One of the many essential requirements of applying the SIT for mosquitoes is the release of only sterile males, which requires eliminating female mosquitoes from the production line. Female mosquitoes, even when sterilized with ionizing radiation, cannot be released, because they retain their vectorial capacity. Because manually separating the sexes based on their morphology is highly impractical, potentially inaccurate, and time- and laborintensive, genetic sexing strains (GSS) based on an artificially induced sex linkage of a selectable allele are required [6]. A GSS of An. Arabiensis, ANO IPCL1, based on a mutation that confers resistance to dieldrin [7] was recently created. When treated with dieldrin, the susceptible females are killed, and the resistant males survive. Larval exposure for 1 h to dieldrin at 100 µg/L eliminates the susceptible females, whereas exposure of eggs to 2000 µg/L, 3000 µg/L, and 4000 µg/L dieldrin solutions also results in complete female elimination [7] without significantly reducing the number of males produced.
Dieldrin (C12H8Cl6O) is considered a persistent organic pollutant that does not readily breakdown and remains stable in soil and in ultraviolet light [8]. Furthermore, it tends to biomagnify in the food chain [9]–[11], where it is stored mostly in the adipose tissue of insects and mammals [12,13]. The main concern with dieldrin arose after many years of indiscriminate applications over large areas, when levels of insecticide residues above acceptable thresholds were detected in dairy milk, cheese, and adipose tissue of birds, cows, and even humans [14]. This led to its ban by the US Environmental Protection Agency (USEPA) by 1980. In the 1970s and 1980s, some isolated experiments were conducted in response to these concerns, in which bioaccumulation or food chain transfer was detected in the laboratory [9,10,12,15] or in the environment [16,17]. These studies involved relatively high doses of the insecticide, however, which were artificially fed to the experimental animals or sprayed in the environment over prolonged periods of time. Because the concentrations of dieldrin currently used in the sex separation process of An. arabiensis are no higher than 2000 µg/kg when treating mosquito eggs, or 100 µg/kg when treating larvae, the hypothesis of the present study was that residues retained by the adult mosquito would be negligible, with no concern for biomagnification and accumulation of the insecticide in the environment and food chain. To test this hypothesis, experiments were conducted to determine the level of dieldrin residues in adult male An. arabiensis that were treated at the egg stage with solutions of 2000 µg/kg of dieldrin and whether these residues in the mosquitoes were accumulated and magnified in fish that were fed these mosquitoes over prolonged periods of time. The results should resolve or confirm any concern about implementing SIT programs to control An. arabiensis, whereby large numbers of dieldrin-treated mosquitoes are to be released into the environment.

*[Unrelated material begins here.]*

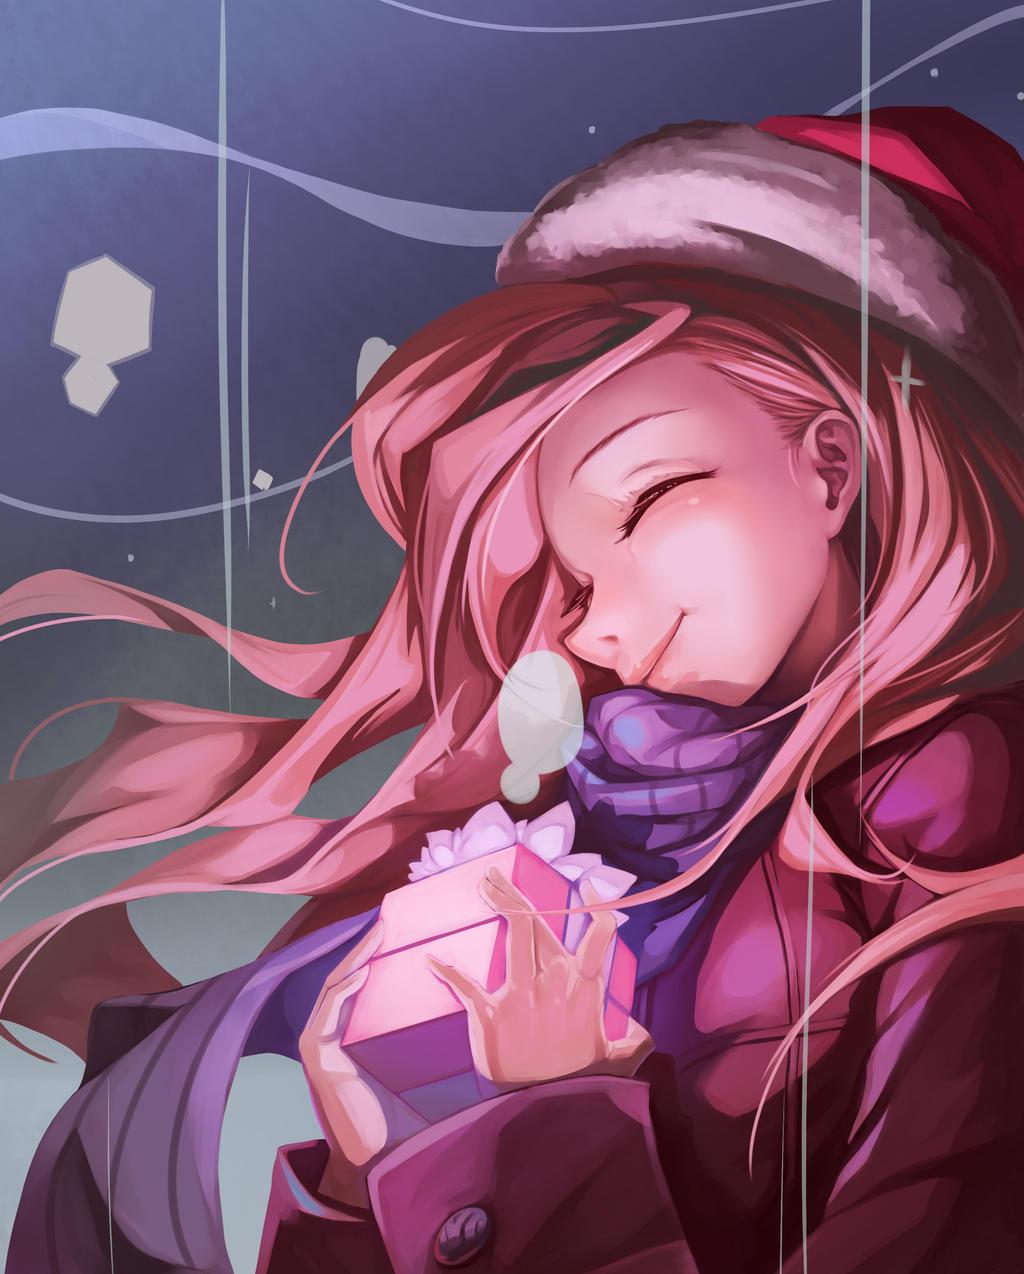 Christmas 2013 by iorlvm

Gas chromatography (GC) equipped with an electron capture detector (ECD) is used routinely to analyze organochlorine pesticides in fish [18]. Various clean-up methods have been reported to remove co-extracted fish lipids, including partitioning with acetonitrile and petroleum ether followed by a florisil column to remove residual oil [19]; gel permeation chromatography, sweep co-distillation, and florisil column adsorption chromatography [20]; and solid phase extraction [21]. Determining dieldrin in mosquitoes has been reported by GC–ECD using acetone-based extraction [22].

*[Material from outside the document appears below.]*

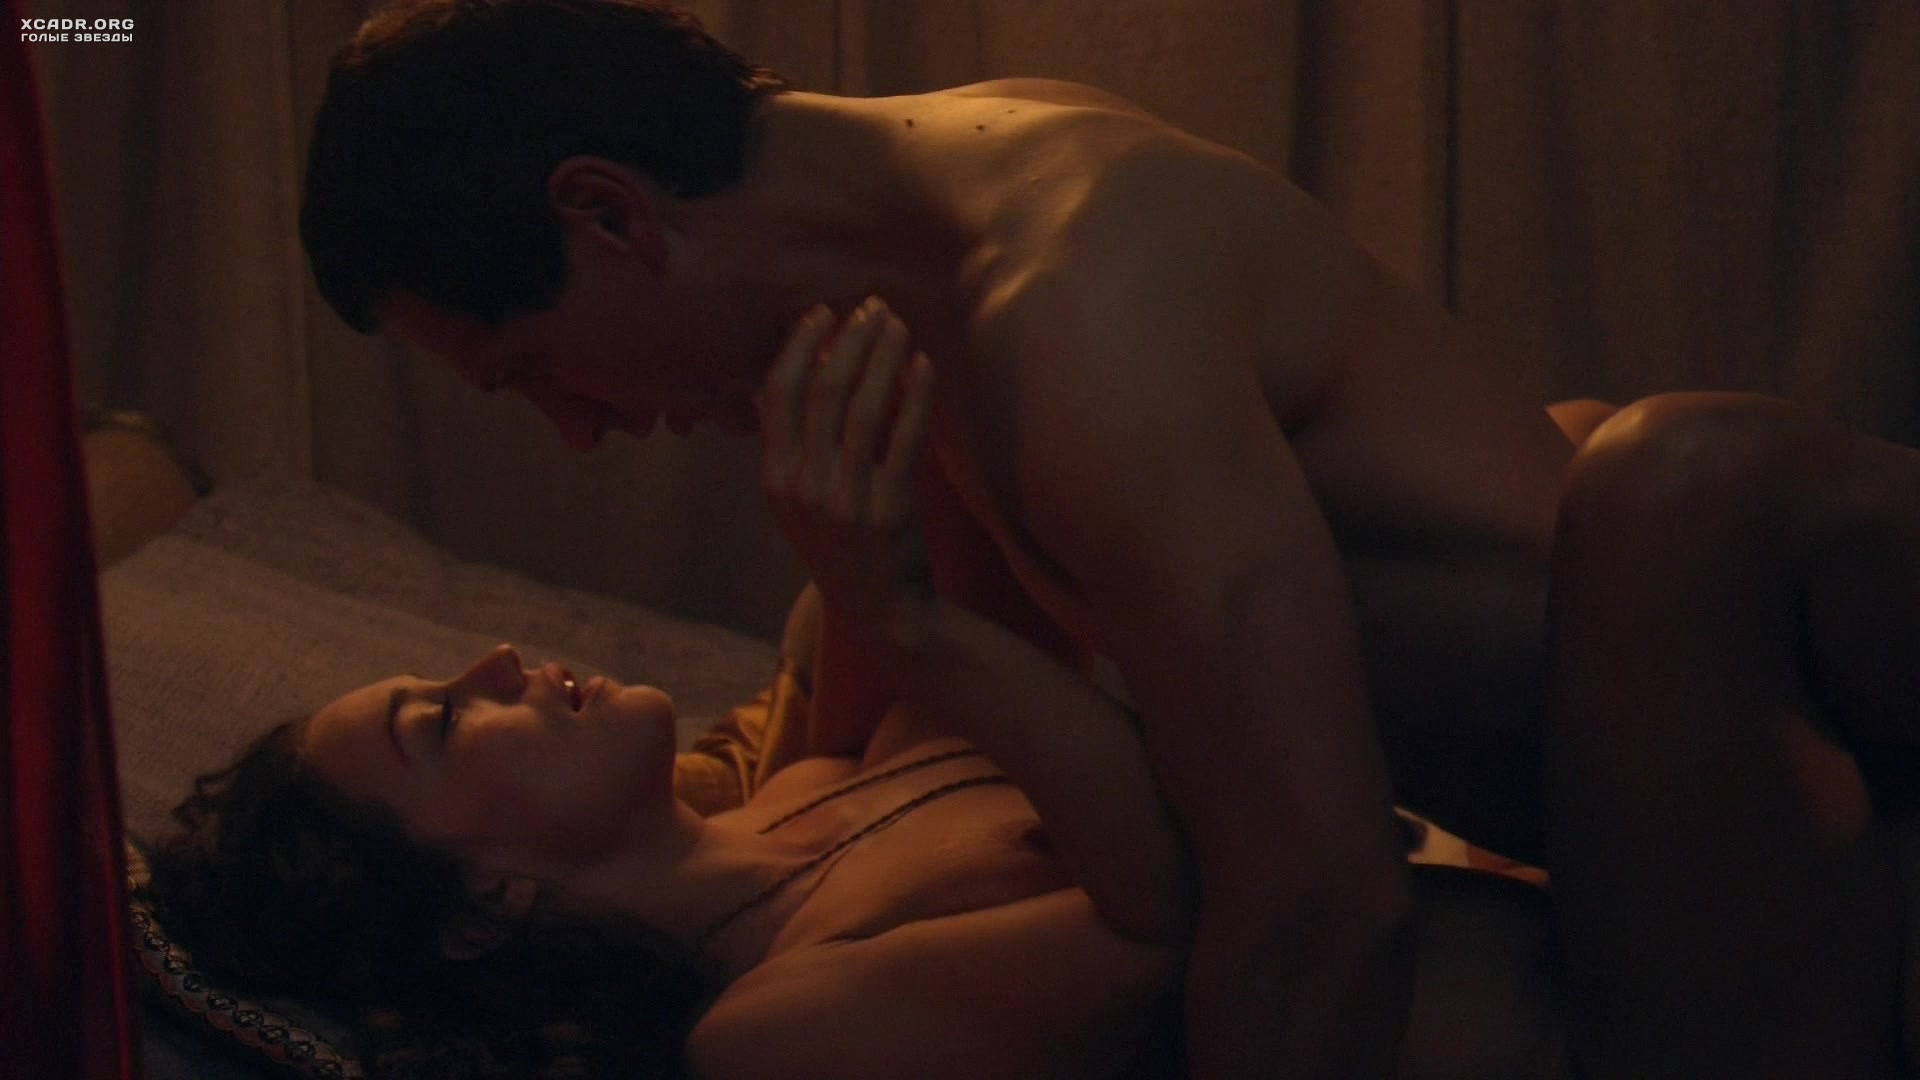 filmi-gde-est-porno-stseni

The main objectives of the present study were to quantify the residues of dieldrin retained by treated mosquitoes, to assess indicators for bioaccumulation, and to evaluate the possibility of food chain contamination indicated in aquatic animals present in treated insect release areas. The research thus consisted of 3 parts: setting up an experimental model using dieldrin-treated mosquitoes that were subsequently fed to fish; extracting and quantifying dieldrin residues recovered from adult mosquitoes; and detecting dieldrin accumulated in fish after ingesting dieldrin-treated mosquitoes for a period of 6 mo as an indicator for bioaccumulation and food-chain transfer.
Materials and Methods
Chemicals and reagents
Dieldrin (≥90%), acetonitrile and toluene (high-performance liquid chromatography grade), and analytical grade magnesium sulphate (≥98.0%), sodium citrate tribasic dihydrate (≥99.5%), and sodium citrate dibasic sesquihydrate (≥99.0%) were provided by Sigma-Aldrich. Sodium chloride (≥99.5%) was supplied by Merck. The clean-up salts, Bondesil primary–secondary amine, and matrix solid phase dispersion C18 materials were obtained from Varian and Biotage (Uppsala, Sweden), respectively. Ultrapure water was prepared using a Milli-Q system (Millipore).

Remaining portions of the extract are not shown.